RMS-FlowNet++: Efficient and Robust Multi-Scale Scene Flow Estimation for Large-Scale Point Clouds
Ramy Battrawy, René Schuster, Didier Stricker
TL;DR
RMS-FlowNet++ tackles the challenge of estimating 3D scene flow on dense point clouds with high efficiency. It introduces a Patch-to-Dilated-Patch flow embedding and a Random-Sampling enabled hierarchical design that reduces the size of the correspondence set while maintaining accuracy, enabling processing of tens to hundreds of thousands of points without full-resolution matching. The method demonstrates competitive accuracy and superior generalization to KITTI without fine-tuning, along with robust performance under occlusions and at long ranges up to 210 meters. This work advances scalable, accurate scene flow estimation for large-scale LiDAR data, with practical impact on autonomous driving and robust 3D motion understanding.
Abstract
The proposed RMS-FlowNet++ is a novel end-to-end learning-based architecture for accurate and efficient scene flow estimation that can operate on high-density point clouds.

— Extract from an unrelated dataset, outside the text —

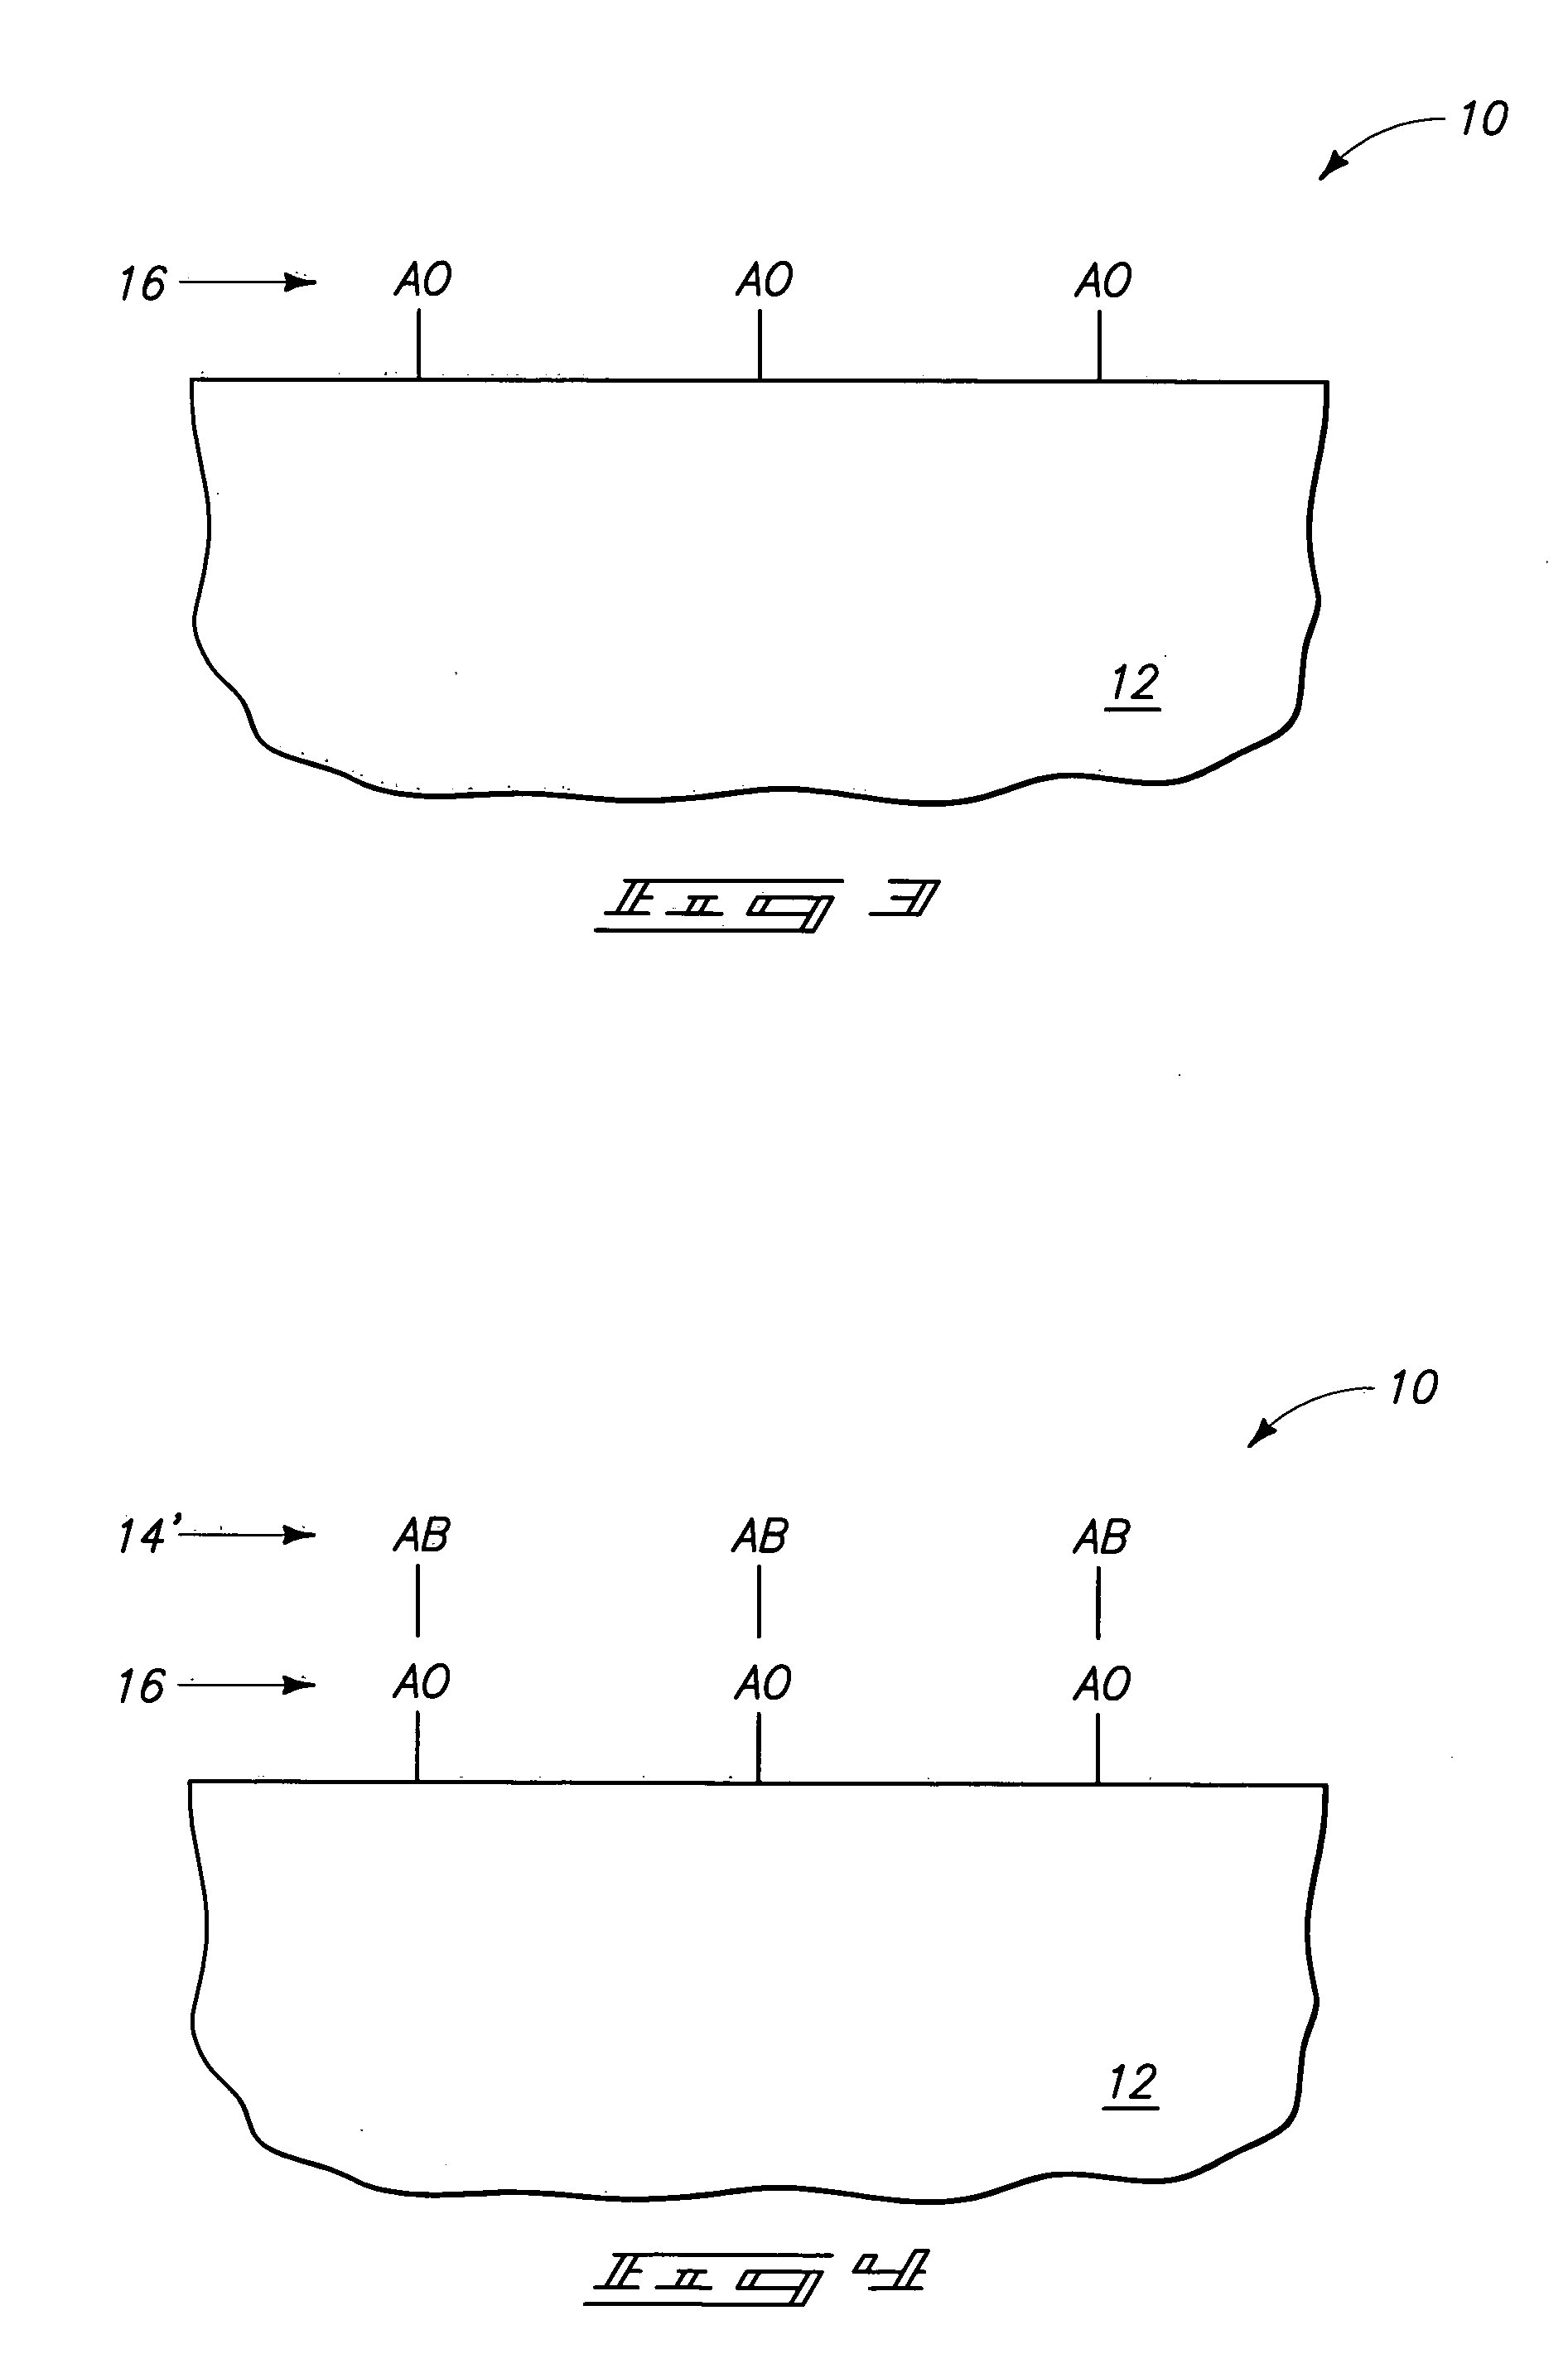 Atomic layer deposition method of depositing an oxide on a substrate

For hierarchical scene f low estimation, existing methods rely on expensive Farthest-Point-Sampling (FPS) to sample the scenes, must find large correspondence sets across the consecutive frames and/or must search for correspondences at a full input resolution. While this can improve the accuracy, it reduces the overall efficiency of these methods and limits their ability to handle large numbers of points due to memory requirements. In contrast to these methods, our architecture is based on an efficient design for hierarchical prediction of multi-scale scene flow. To this end, we develop a special flow embedding block that has two advantages over the current methods: First, a smaller correspondence set is used, and second, the use of Random-Sampling (RS) is possible. In addition, our architecture does not need to search for correspondences at a full input resolution. Exhibiting high accuracy, our RMS-FlowNet++ provides a faster prediction than state-of-the-art methods, avoids high memory requirements and enables efficient scene flow on dense point clouds of more than 250K points at once. Our comprehensive experiments verify the accuracy of RMS FlowNet++ on the established FlyingThings3D data set with different point cloud densities and validate our design choices. Furthermore, we demonstrate that our model has a competitive ability to generalize to the real-world scenes of the KITTI data set without fine-tuning.